**PROVIDED MATERIAL**.
*-*-*

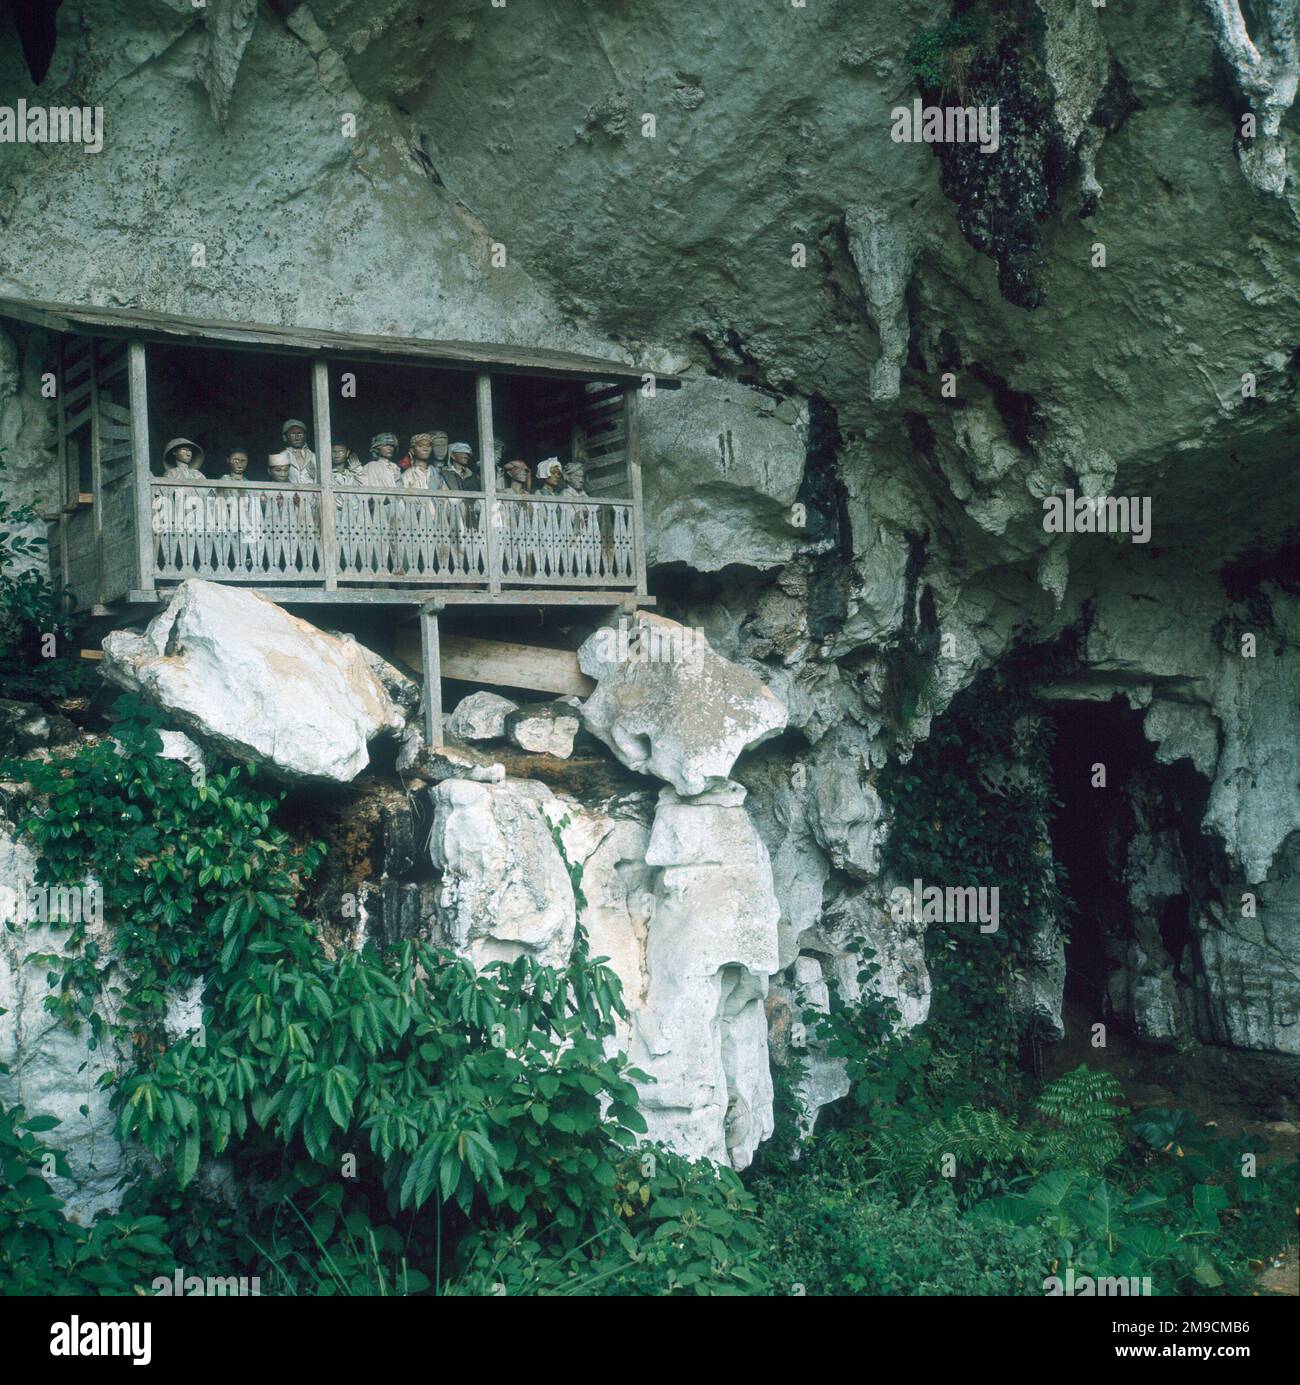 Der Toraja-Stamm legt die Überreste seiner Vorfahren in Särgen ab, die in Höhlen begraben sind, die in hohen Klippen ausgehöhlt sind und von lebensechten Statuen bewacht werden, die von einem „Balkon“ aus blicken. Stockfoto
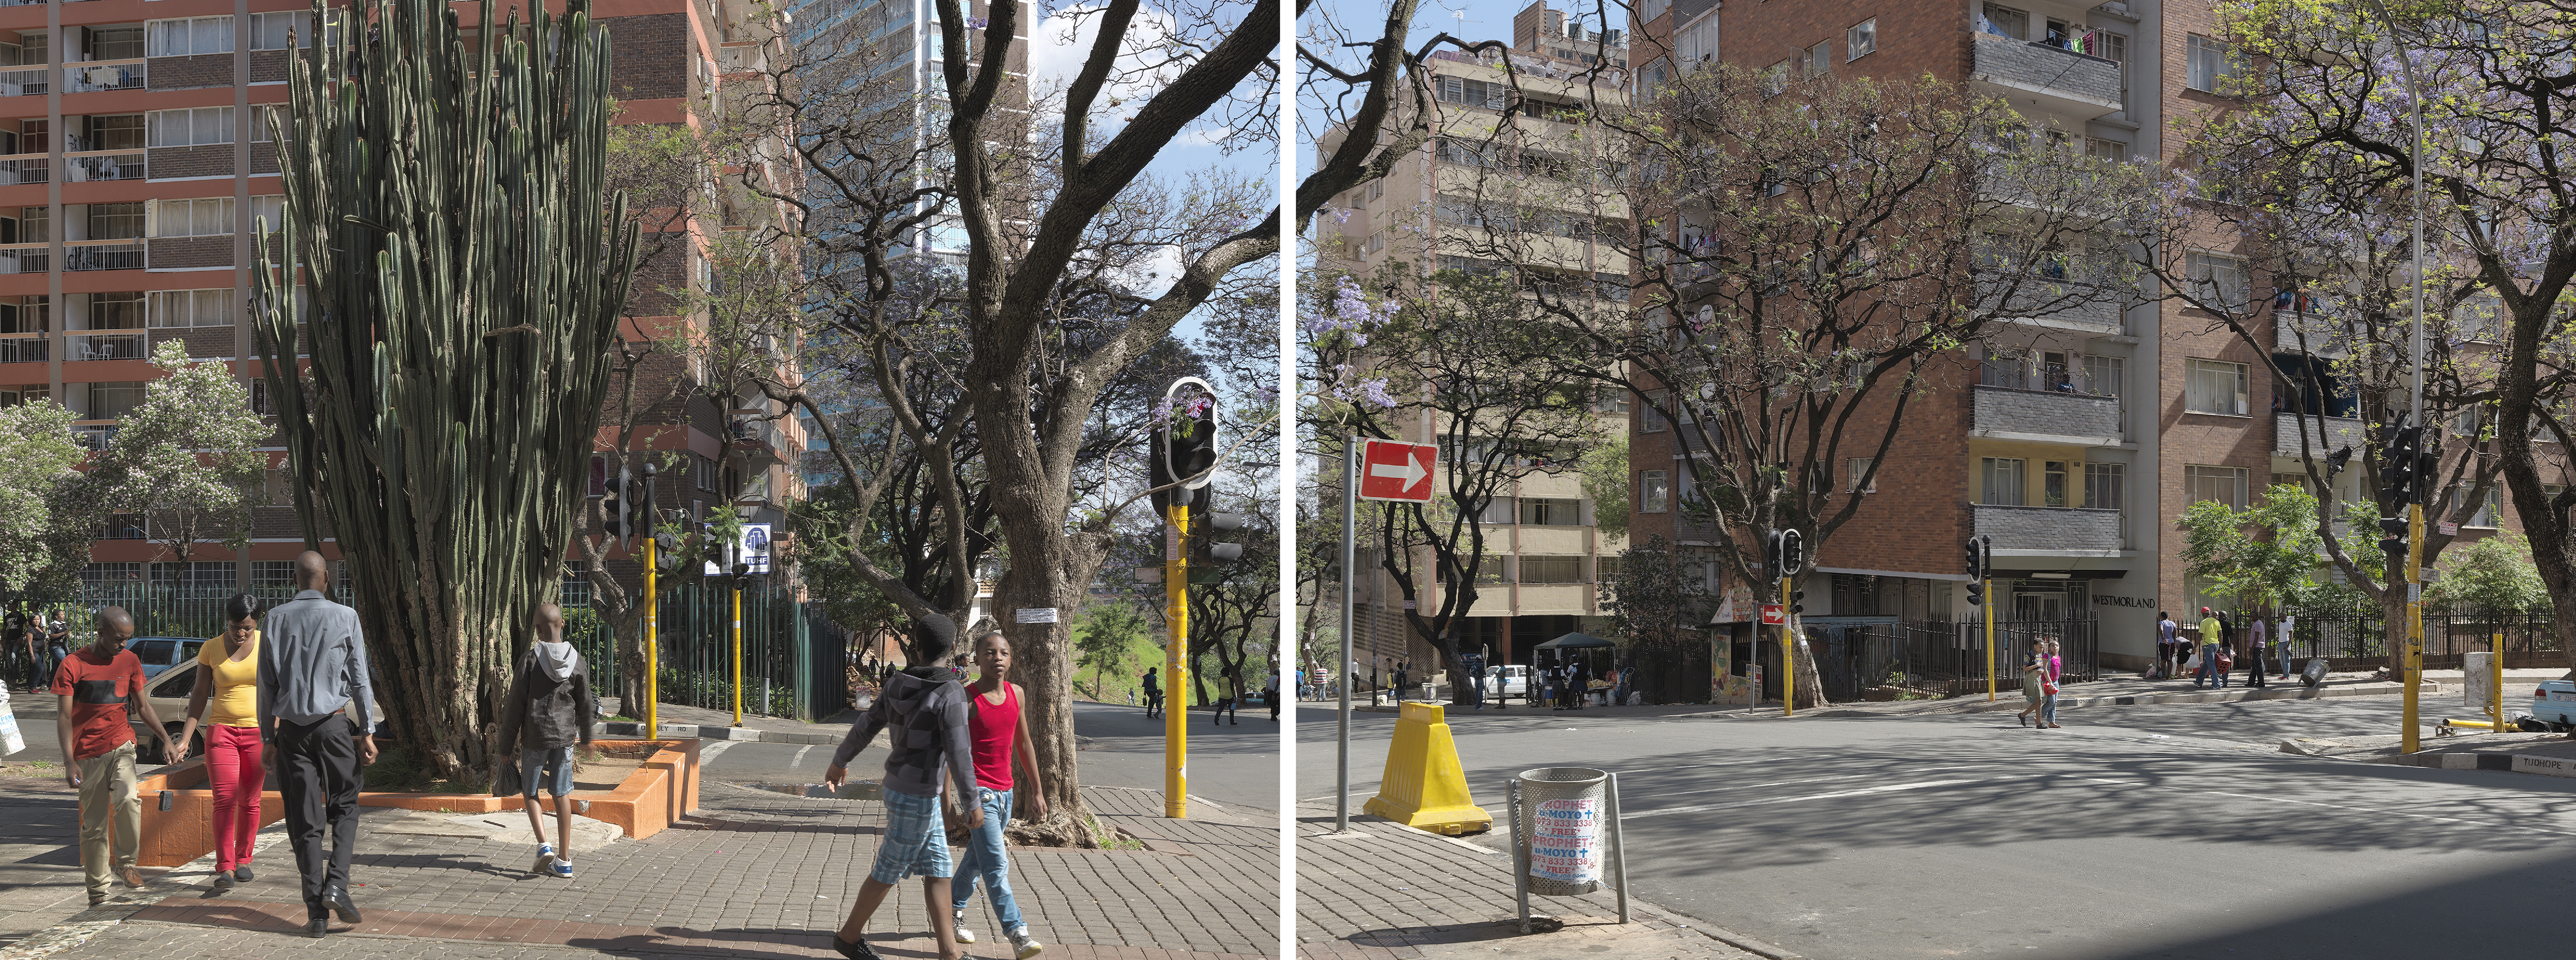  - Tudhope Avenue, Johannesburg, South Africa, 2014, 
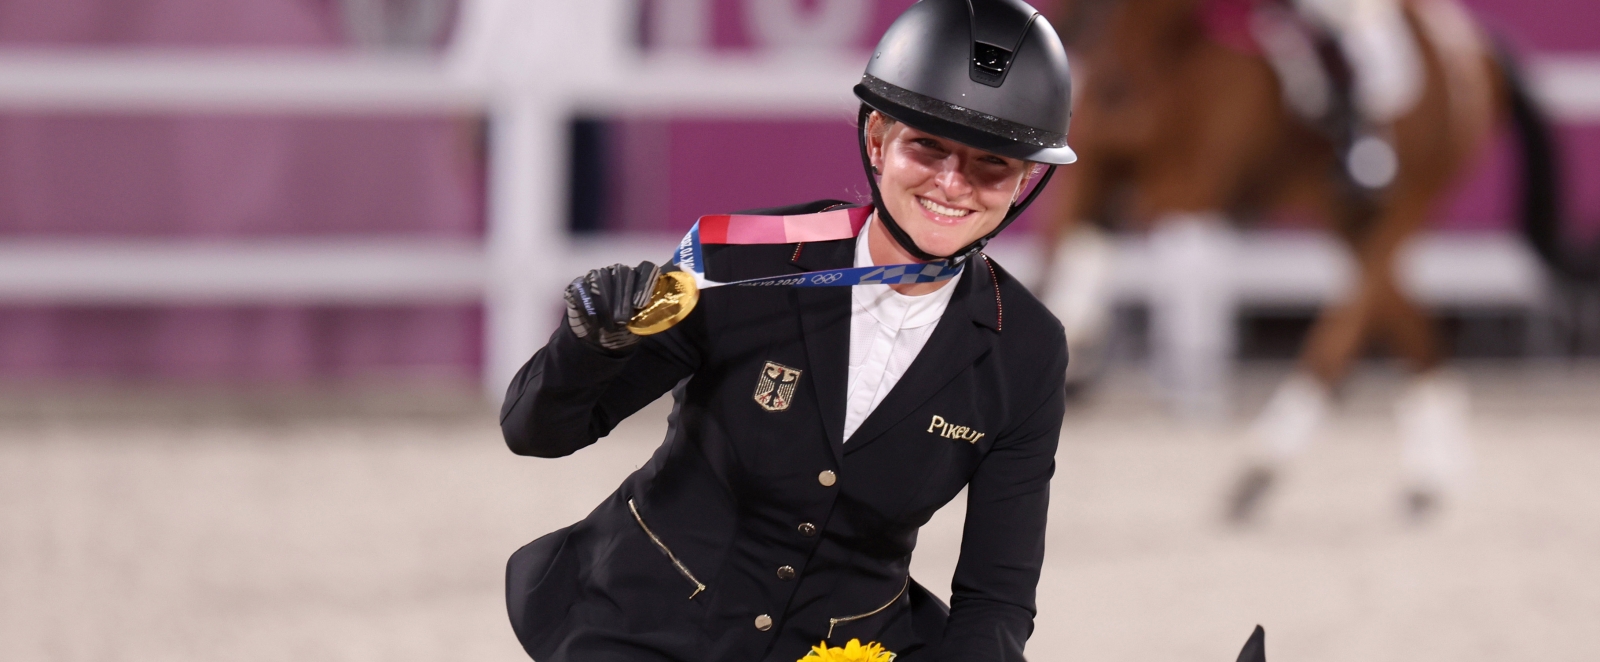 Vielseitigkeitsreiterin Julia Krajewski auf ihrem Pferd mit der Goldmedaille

*-*-*

**PROBLEM TO SOLVE**.
Write the listing above out again exactly, but not the images it holds.

**TASK RESULT**.
 Der Toraja-Stamm legt die Überreste seiner Vorfahren in Särgen ab, die in Höhlen begraben sind, die in hohen Klippen ausgehöhlt sind und von lebensechten Statuen bewacht werden, die von einem „Balkon“ aus blicken. Stockfoto
  - Tudhope Avenue, Johannesburg, South Africa, 2014, 
 Vielseitigkeitsreiterin Julia Krajewski auf ihrem Pferd mit der Goldmedaille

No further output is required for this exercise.